The only member of the Apache Junction cast who has actually met the legend he portrays ("Frank's always been very nice and gracious to me"), Hazlett is aware he may soon be in the eerie position of watching his own particular living legend turn into one for the ages.
"People have said to me that when Frank dies, I'm going right up into the six-figure bracket," says Hazlett, addressing the issue of Sinatra's highly publicized series of recent health problems. "Well, I don't listen to that and I refuse to believe it. If he passed away tonight, I certainly don't think it would be very tasteful to go and do the performance. I think I'd take a moratorium on what I do for a week or two."

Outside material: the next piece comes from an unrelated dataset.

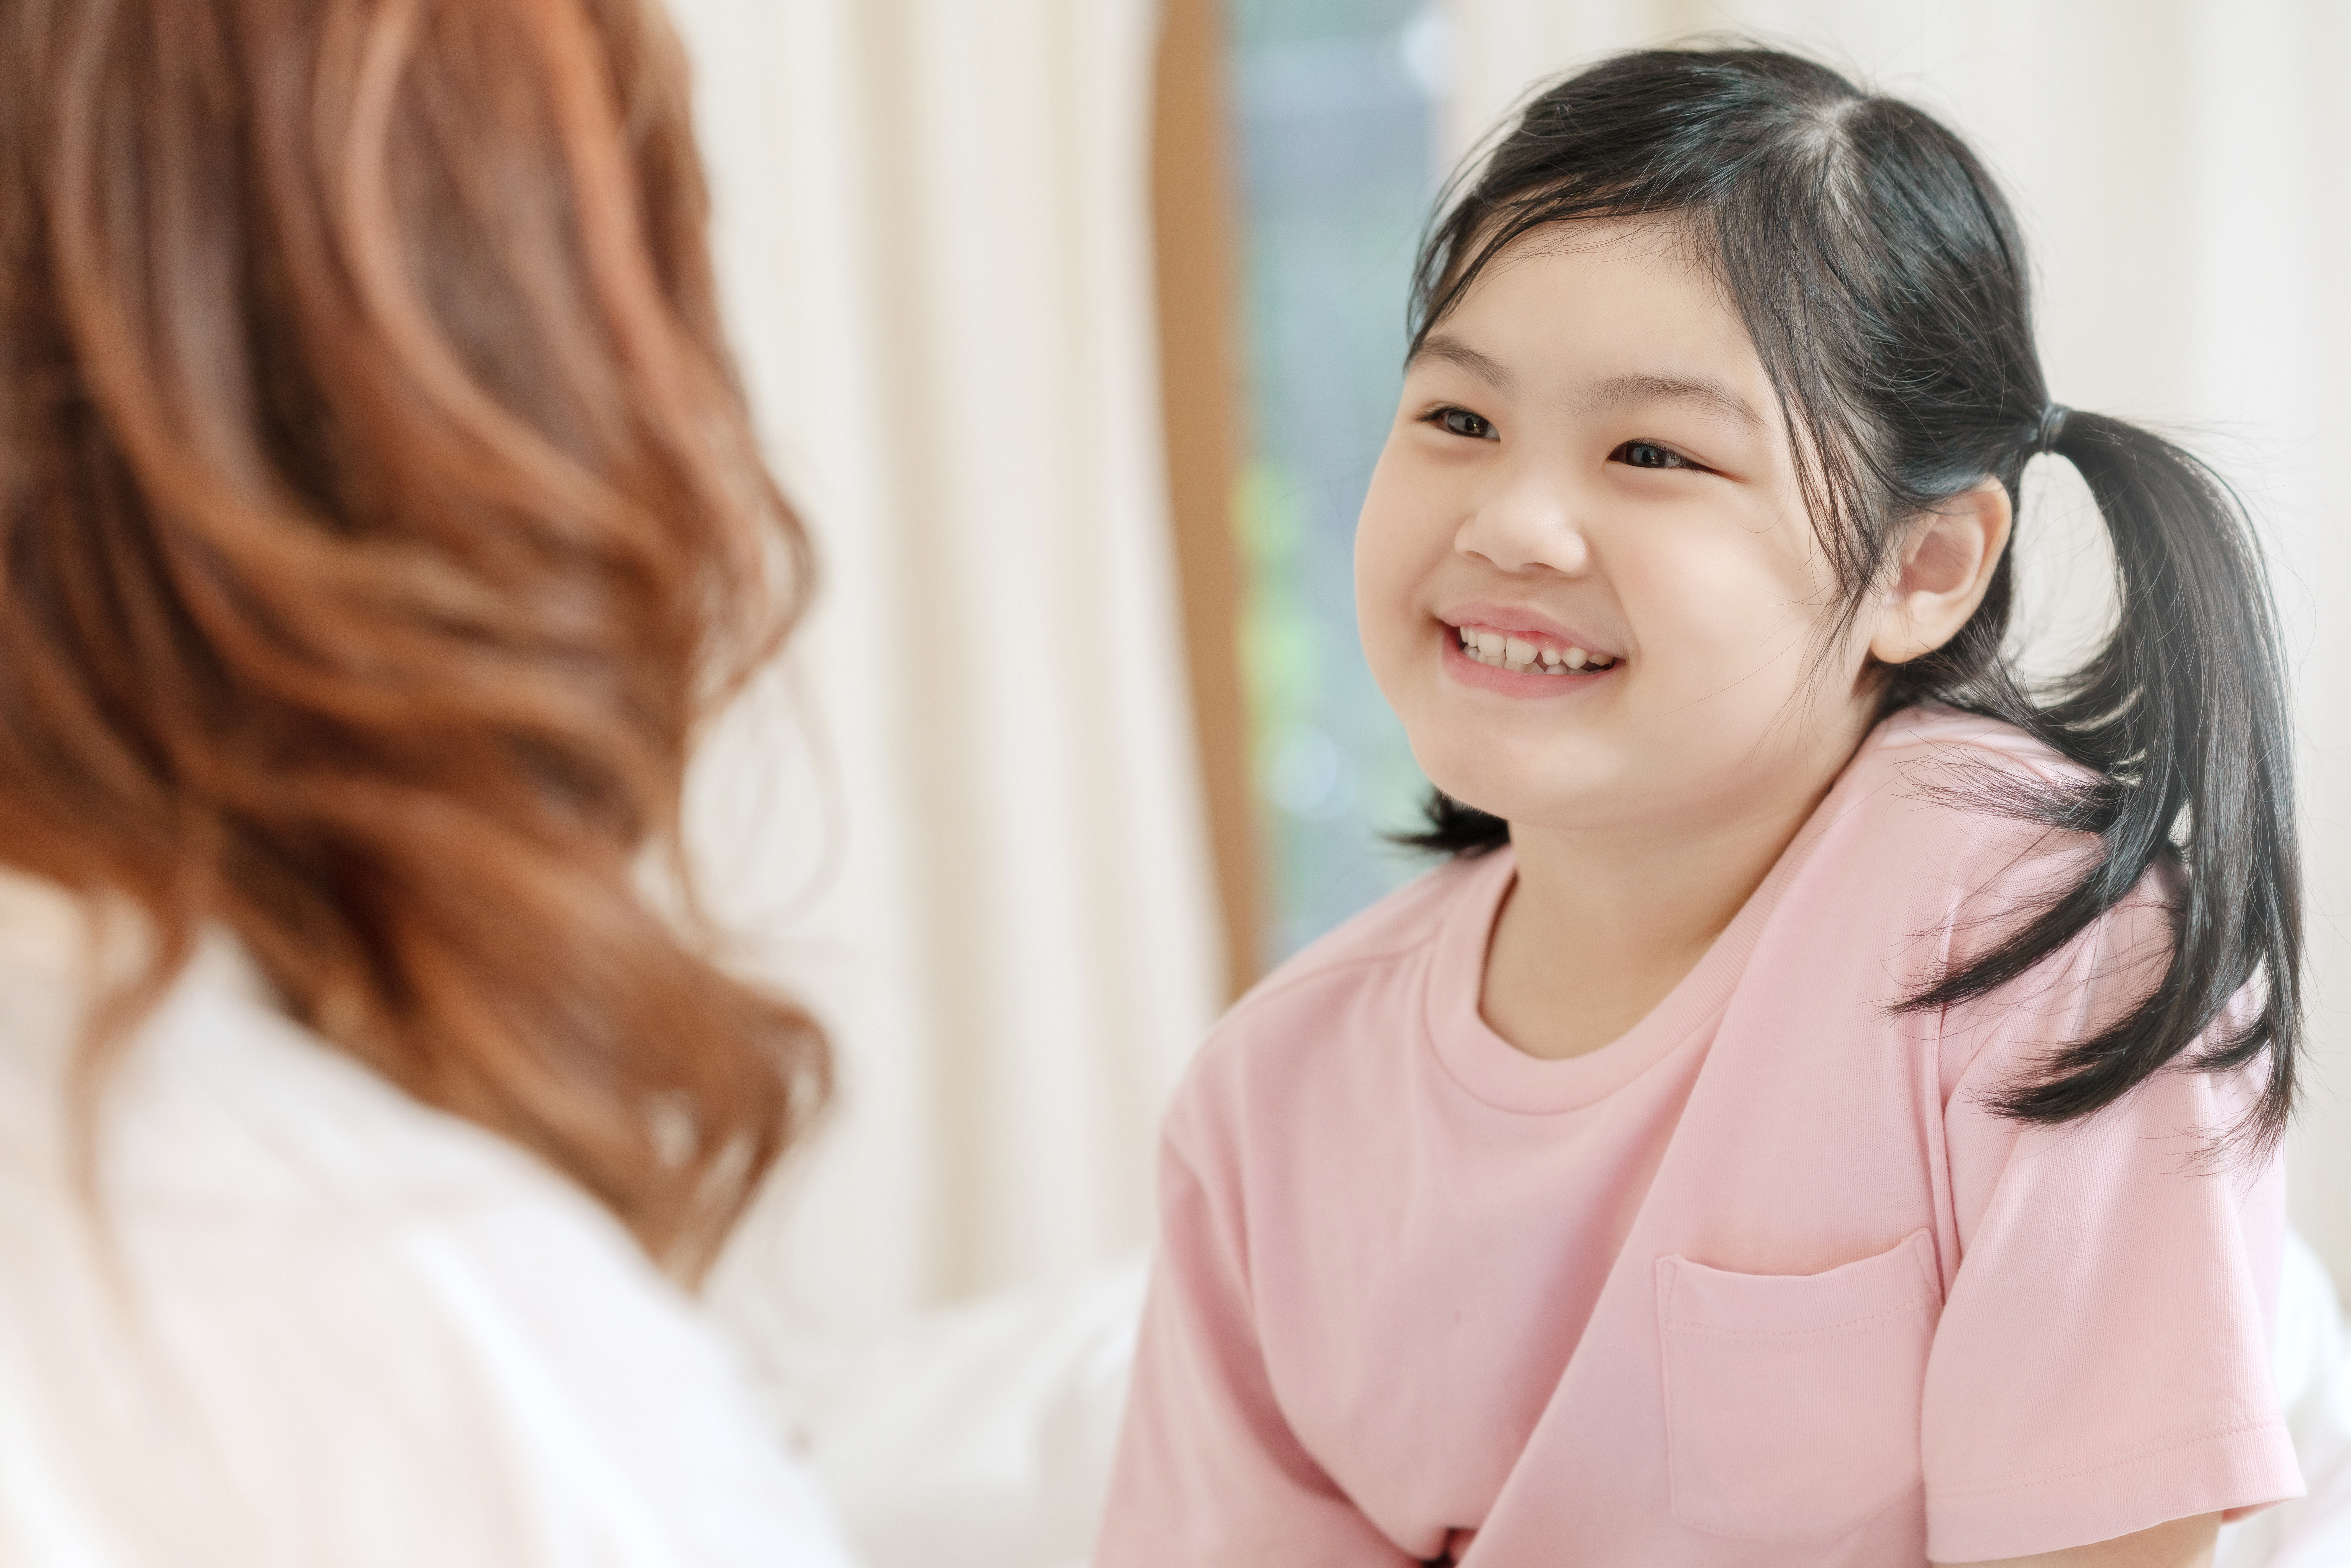 How to Build your Child’s Self-Esteem

If Gertrude Stein were to snare a ringside seat at "Legendary Superstars," she might be tempted to comment, "An Elvis is an Elvis is an Elvis."
But she'd be dead wrong.
"There are about five Elvises who can play the main showrooms in Vegas," producer Michael Paloma reports. "Then you've got a couple of B's, a whole lot of C's and then there are those you don't even want to talk about."
The verdict's still out on the replacement Presley that Paloma brought in for a week when the resident Elvis left the building for a brief gig in the Bahamas a few months ago.
Although Paloma had previously worked with the substitute, he hadn't seen him in a few years and was horrified to discover the replacement had ballooned to nearly 300 pounds. "Don't see the show tonight," begged Paloma at the time. "You'll crucify me. Jeez, the guy's legs--tree trunks!"
Adroitly using his avoirdupois to comic advantage, however, the porcine Presley won the audience over by cleverly parodying the bloated late-period Elvis. Wandering through the theater while singing, he snatched at bags of popcorn and other snacks, a running gag that brought the impersonation to an entirely different level.
Crowd-pleasing as the fill-in was, Presley purists like the regular "Legendary Superstars" Elvis insist that shift was not an upward move.
"For the real, true sense of what Elvis is about, that sort of parody is just not funny," says 37-year-old Presley look-alike Paul Casey, the only cast member who truly looks like the star he portrays. "At the end, Presley was a very depressed, sad person. His whole life had turned to shit. He hated the way he looked, his management wasn't letting him do what he wanted, he didn't care and he fell into drugs. I'm sorry, but that's what happened."
After nine years of crisscrossing the globe in a white, high-collared jumpsuit, tinted aviator glasses and muttonchop sideburns, Casey can definitely relate.
"I can see how the man got burned out on it," says Casey. "I myself can't do anything further than what I'm doing right now. I need to take it to another level."
In view of his respect for Presley (which didn't prevent him from accepting a role as an Elvis impersonator in the less-than-reverential Honeymoon in Vegas), just what that level might be is unclear.
"I don't know what I'll do," says Casey of life after Elvis. "Maybe I'll go into entertainment law. I'd also like to produce. I do know that I want to give something back to the people."
The "Legendary Superstars" sole female cast member may be the only woman in show business who, when asked for her autograph, scribbles three names--Marilyn Monroe, Patsy Cline and Marsha Finn. As it turns out, that triple-decker John Hancock is indicative of her enigmatic approach to celebrity pantomime.